Los precios al consumo subieron un 7,3% en los países más ricos del mundo el año pasado, según el FMI, por encima del 3,9% que había previsto el organismo en enero de 2022, y un 9.9% en los más pobres, en comparación con el 5,9% estimado antes de la invasión.
En Estados Unidos, esa inflación ha obligado a los negocios a ser flexibles.
Stacy Elmore, cofundadora de The Luxury Pergola en Noblesville, Indiana, dijo que el coste de proporcionar seguro médico a ocho trabajadores ha aumentado un 39% en el último año, a 10.000 dólares al mes. En un contexto de falta de trabajadores, también ha tenido que aumentar el salario por hora a su principal instalador, de 30 a 34 dólares la hora.
Los consumidores afectados por la inflación comenzaron a ver con reparos el precio de 22.500 dólares por una pérgola de 3 por 4,8 metros (10 por 16 pies) que se vendía a través de comercios.

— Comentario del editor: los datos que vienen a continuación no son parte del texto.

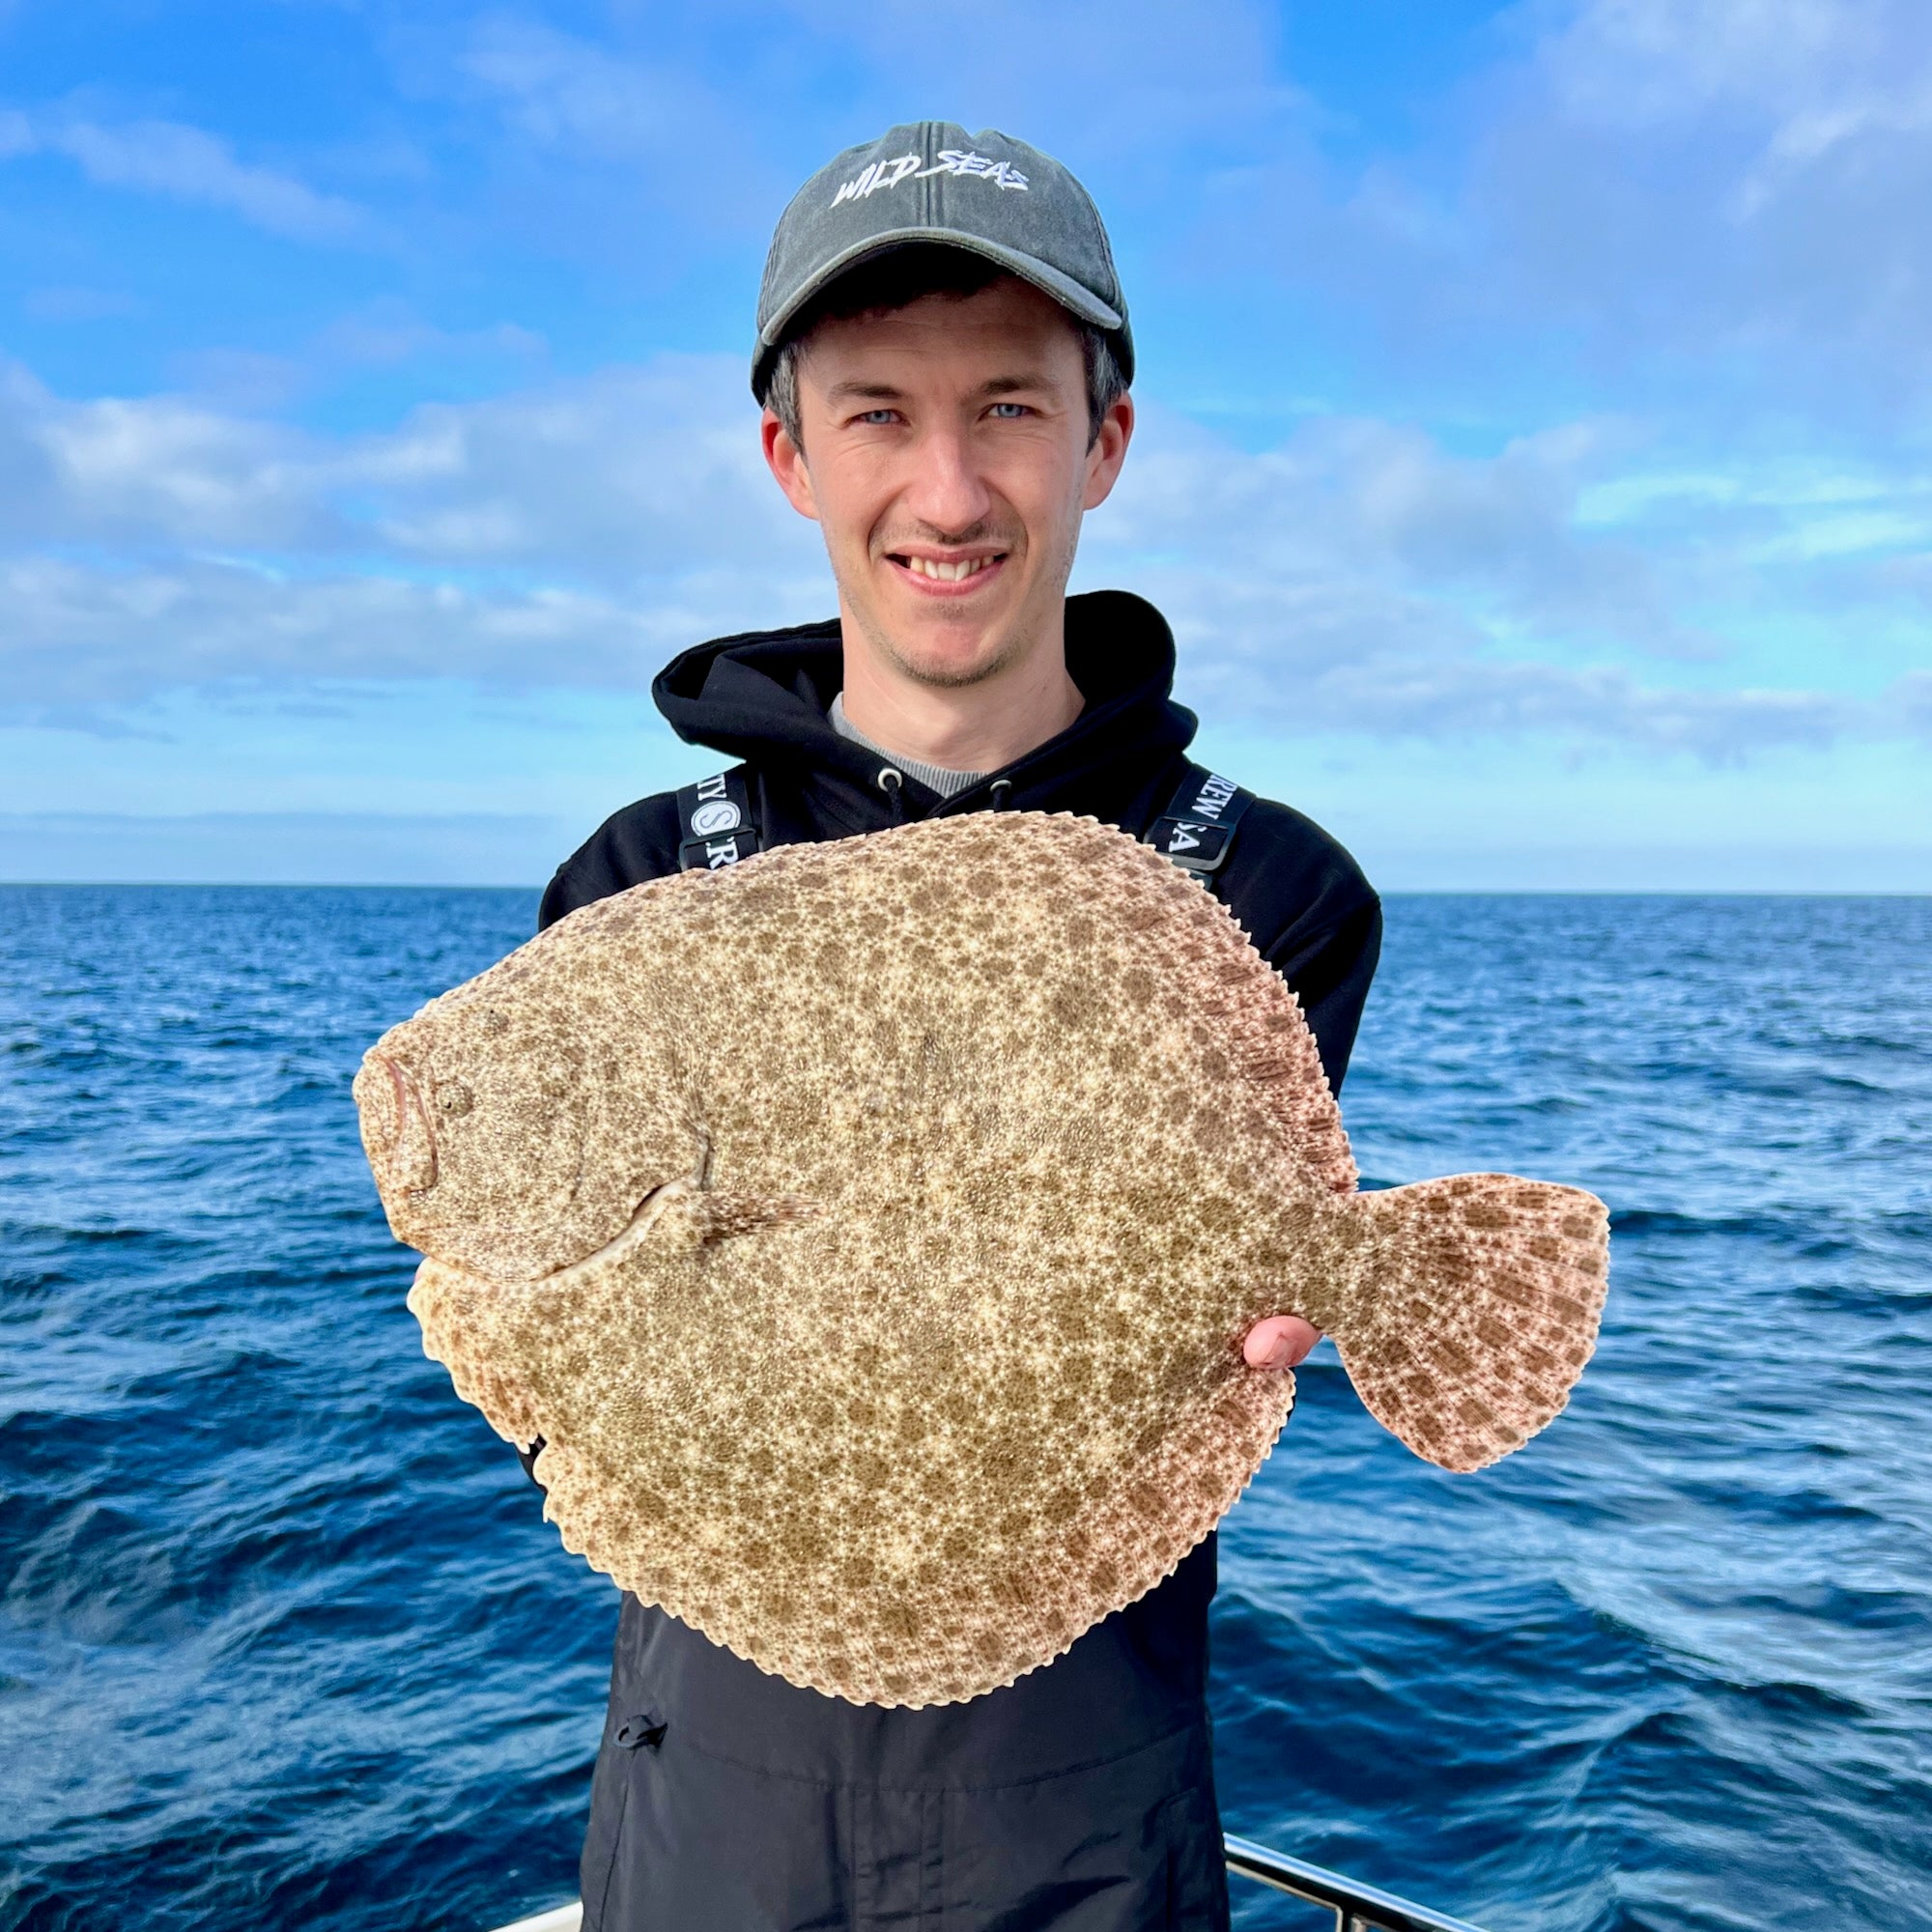 Liam with a Turbot caught boat fishing in Cornwall

Las ventas se hundieron el año pasado. De modo que Elmore optó por modelos para montar en casa y venderlos directamente a los clientes a un precio mucho más reducido de 12.580 dólares.
“Con tanta inflación, hemos trabajado para ampliar el atractivo de nuestros productos y hacer más fácil que la persona media pueda comprarlos”, dijo Elmore.

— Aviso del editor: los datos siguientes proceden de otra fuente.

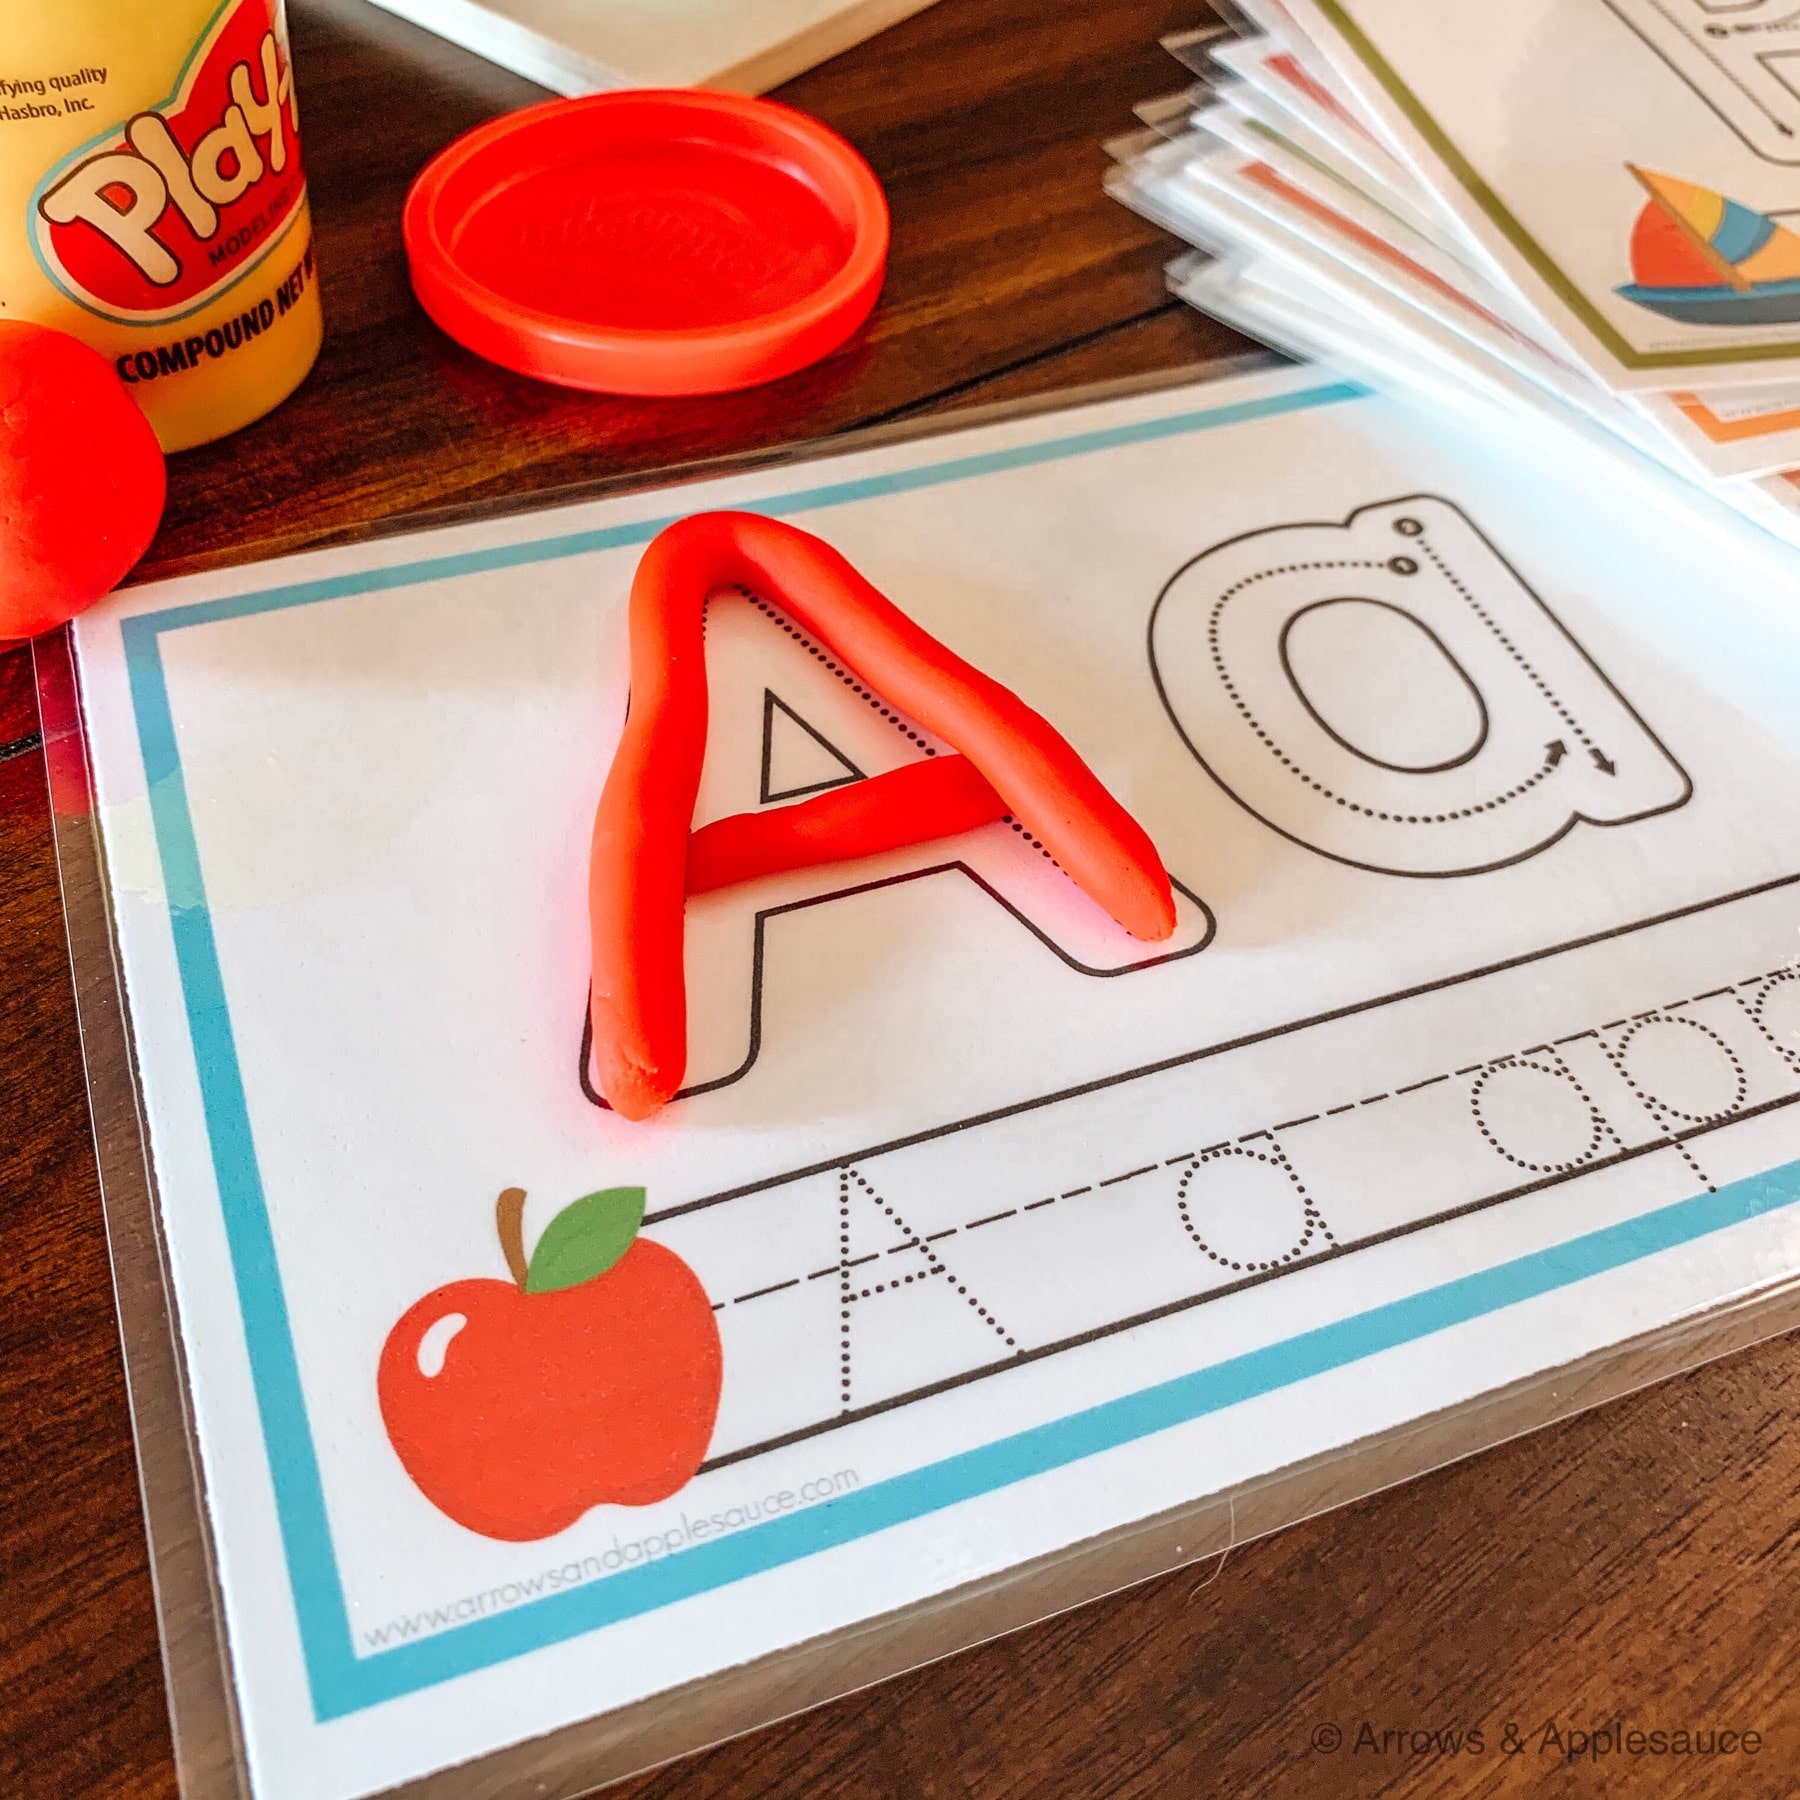 These versatile oversized alphabet and number flashcards are great for so many hands-on learning activities. Perfect for my sensory seeker! #alphabetactivities #alphabetprintables #alphabetflashcards #jumboflashcards #learningtocount #numbers1-20 #numberflashcards #counttotwenty #countingflashcards #preschoolprintables #homeschoolprintables #sensoryseeker #handsonlearning

En la capital de Indonesia, Yakarta, muchos vendedores callejeros saben que no pueden trasladar los grandes incrementos en el precio de la comida a clientes que ya tenían problemas de efectivo. De modo que algunos reducen las porciones, una práctica conocida como “reduflación”.
“Un kilo de arroz era para ocho porciones (…) pero hacemos 10 porciones”, explicó Mukorni, de 52 años, que dirige un establecimiento de comida y como muchos indonesios sólo utiliza un nombre. Los clientes, dijo, “no vendrán a la tienda” si los precios son demasiado altos.
“Soñamos con la paz”, dijo, “porque después de todo, nadie ganará ni perderá, porque todo el mundo será una víctima”.